Title: Dandy Ace
Developer: Mad Mimic
Release Date: March 25, 2021
Reviewed On: PC
Genre: Action Roguelike
Dandy Ace is the first action roguelike game developed by the Brazilian team Mad Mimic, who has previously released the co-op adventure No Heroes Here. Revolving around the theme of magic tricks and illusionism, it is a colorful and solid example of the genre.
Because of his success and popularity, Dandy Ace quickly overshadowed the illusionist Lele. While attempting to get revenge over this situation, the Green-Eyed Illusionist traps the magician in a mirror. Along with his assistant, he attempts to find a way home, but he’ll have to fight through the Ever-Changing Palace areas, reach Lele and defeat him. At his disposal is an arsenal of cards that represent multiple skills.
There are three types of cards: blue (movement-related), pink (fast attacks), and yellow (hard attacks).

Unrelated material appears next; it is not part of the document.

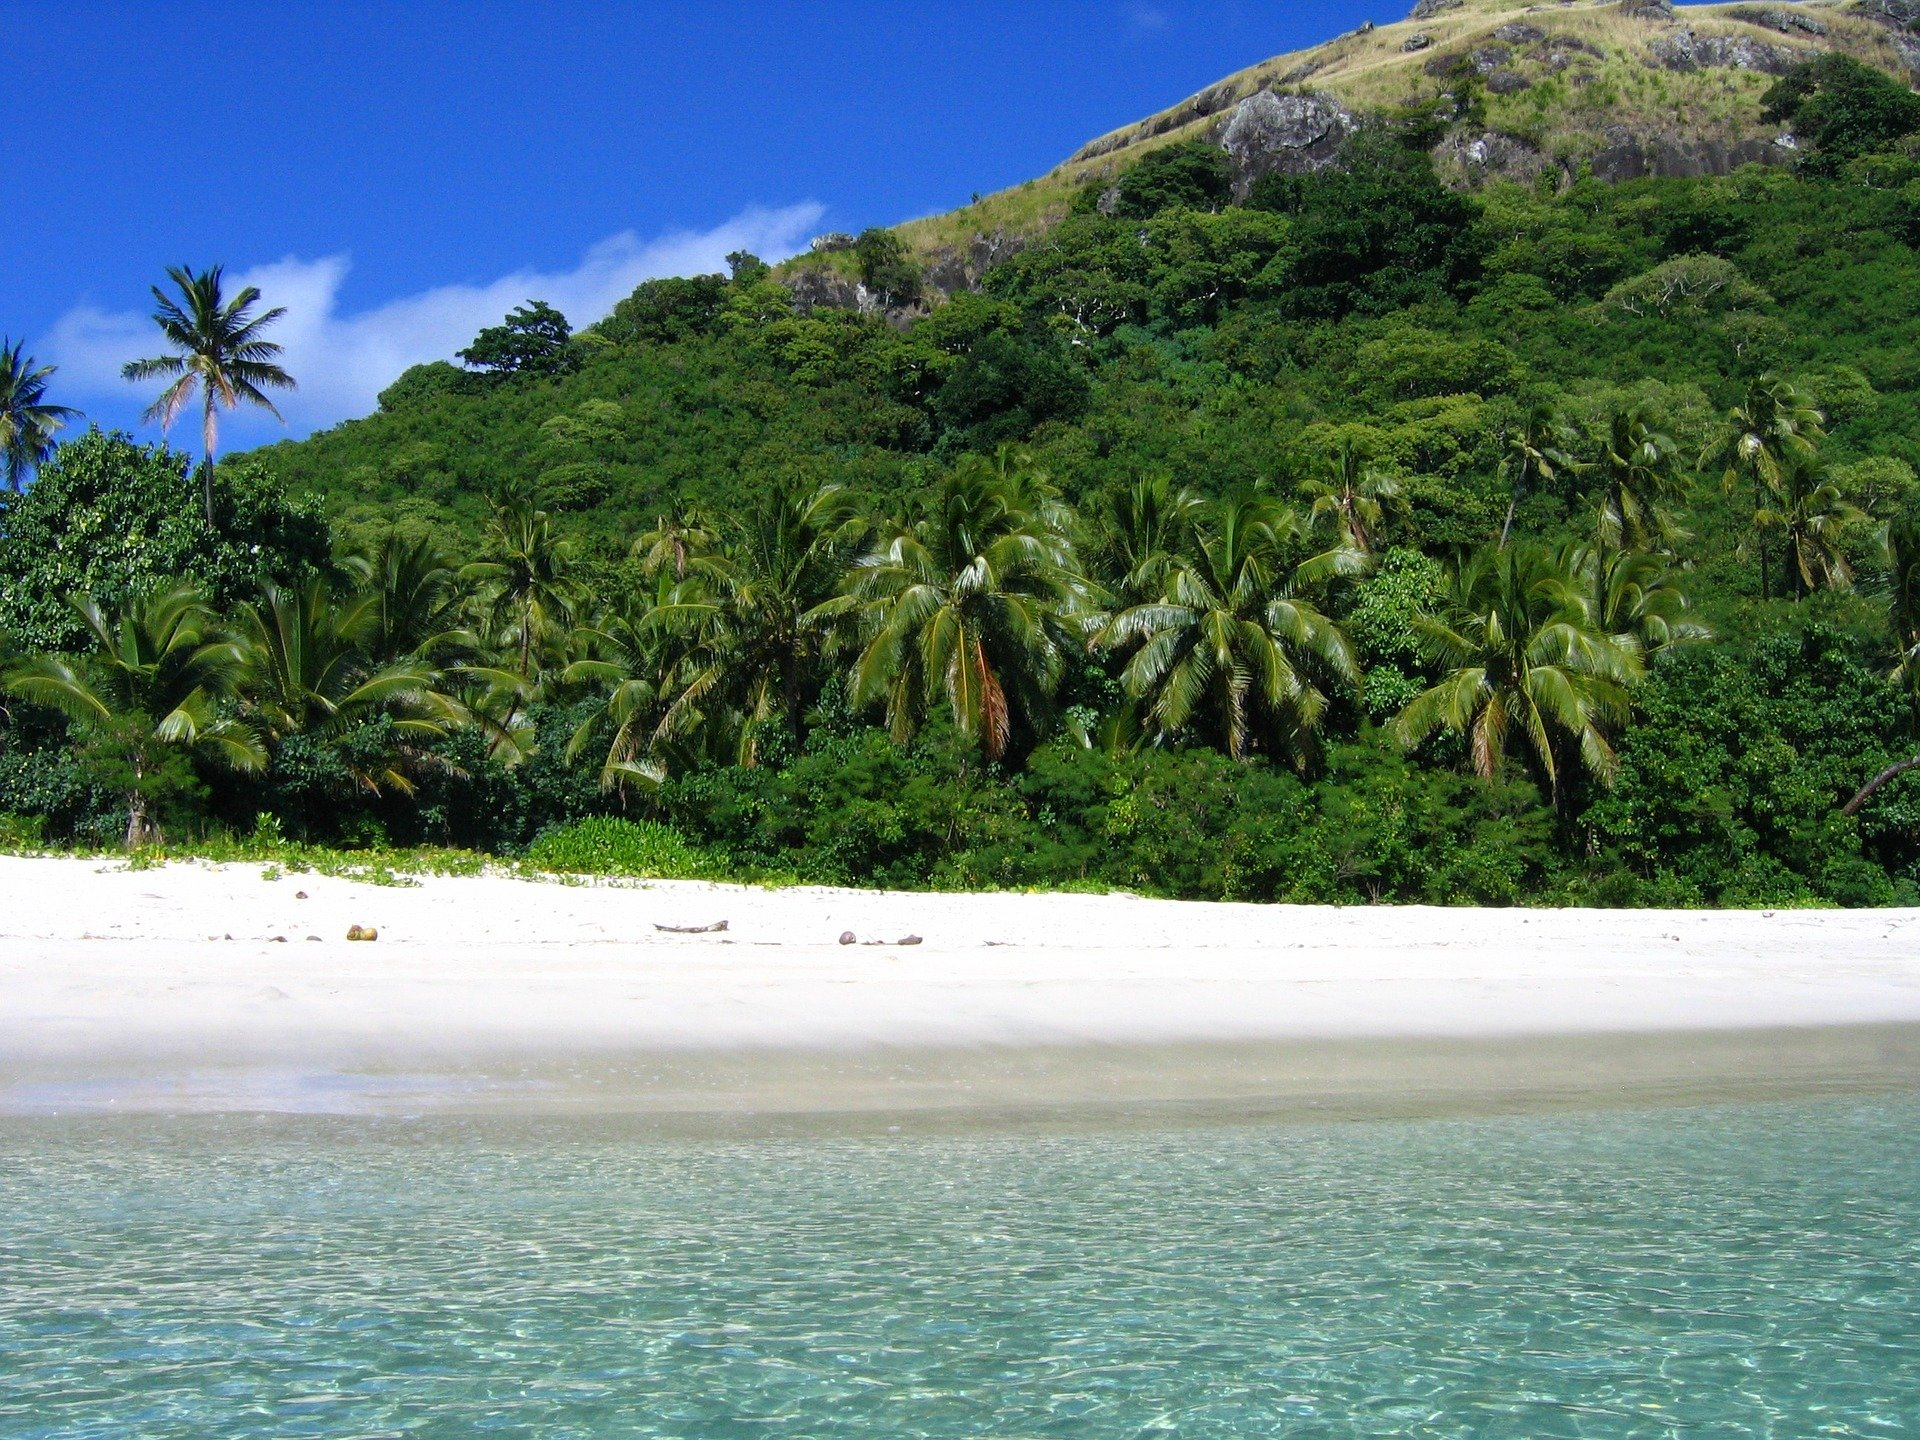 5-Day Fiji Surf Adventure on the Coral Coast - Fiji Itinerary

Blue cards are usually important for evasive maneuvers, though the player will also hit enemies in the trajectory. They also include abilities such as dashing or even minor teleports with extra effects.
Pink cards are likely to be very used by the player during combat. They offer a faster means of attack, though that speed varies from card to card. Compared to them, yellow cards take longer to recharge but may pack a punch or cause some interesting effect, like pushing enemies or stunning them.
At the start of the game, the player is given one card of each category, all of which are on level 1 (it’s possible to upgrade starting levels later). Levels define strength and become stronger the deeper the player is in the dungeon.
There is a total of 8 card slots to fill, but only 4 of those are meant to be directly used. The other half is turned into passive effects for the main cards, adding a layer of experimentation to the gameplay.
For instance, it’s possible to combine the “throwing cards” skill with another card that deals poison damage or one that creates an area of damage around the enemy you hit. These “bonus effects” are logical derivations of their main effects, not being quite the same.
A card that causes charm as a side effect may apply it to other cards, but it could also make enemies explode and charm whoever is nearby. These effects can be read in the card description and sometimes have specific use cases. One such example is that equipping them to a blue card may have different effects than doing it to a pink card.
There are many cards to experiment with, some of which can be unlocked through the game’s shop. These combinations allow the player to try specific techniques that feel unique and magical.
Using those skills, the player can explore the castle, which actually includes multiple routes. Though the game is a roguelike, there are set paths to travel, as each area has a set of enemies that’ll be placed randomly in multiple groups.
As the player progresses through this maze, they can get special keys based on the four card suits (hearts, diamonds, clubs, spades). Those unlock other paths, some of which will lead to alternate routes, offering extra replay value.
For every enemy defeated, the player gets money and sometimes crystals. Money is meant to acquire cards and items that only matter for that run. It can be used on a wagon that’s randomly available on the floors.
Crystals can be spent on permanent upgrades. These can be used at Dandy Ace’s assistant shop, which is available whenever the player hits a new floor. It’s possible to get benefits such as new cards, free card reshuffle on the stores, or unlocking trinkets’ powers.
Trinkets are items that enemies occasionally drop, and the player can use them to get skills such as extended time for their attacks’ effects. However, if the player dies before reaching the next floor, they’re lost.
Other usage for the crystals is the Nnif’s shop, which can be accessed after defeating a boss. Important upgrades such as raising the initial level of cards can be bought there, making it an important store.
The areas are composed of multiple waves of enemies, but the player can use various portals to move fast through the areas. It’s even possible to leave cupcakes (the game’s cure items) behind and teleport to them instantly using the menu, as long as the player isn’t trapped in a locked room.
Besides all the gameplay elements mentioned, it’s interesting to notice how magician allegories are deeply ingrained in the game. Attacks, areas, enemies and objects are all connected by the thread of magic tricks, making for a unique and inspired design all around.
Diving through the palace as Dandy Ace feels just as cool and stylish as the character is made up to be. The areas are colorful, filled with glamour and wonder of a dazzling land that’s fascinating for anyone who’s ever seen a few things about old-styled magicians with their long hats and capes.
It’s interesting how the game’s narration is done by Lele, who’s the main antagonist. He has funny quips for every little thing, which I personally really enjoyed hearing. But, in case the player feels annoyed by him, there’s the possibility to silence him completely as well.
Dandy Ace is a colorful, magical action roguelike that’s consistent in its design and fascinating in its unique theme choice. With its card combination system for skills at the forefront, it can offer some good hours of fun and experimentation during battles.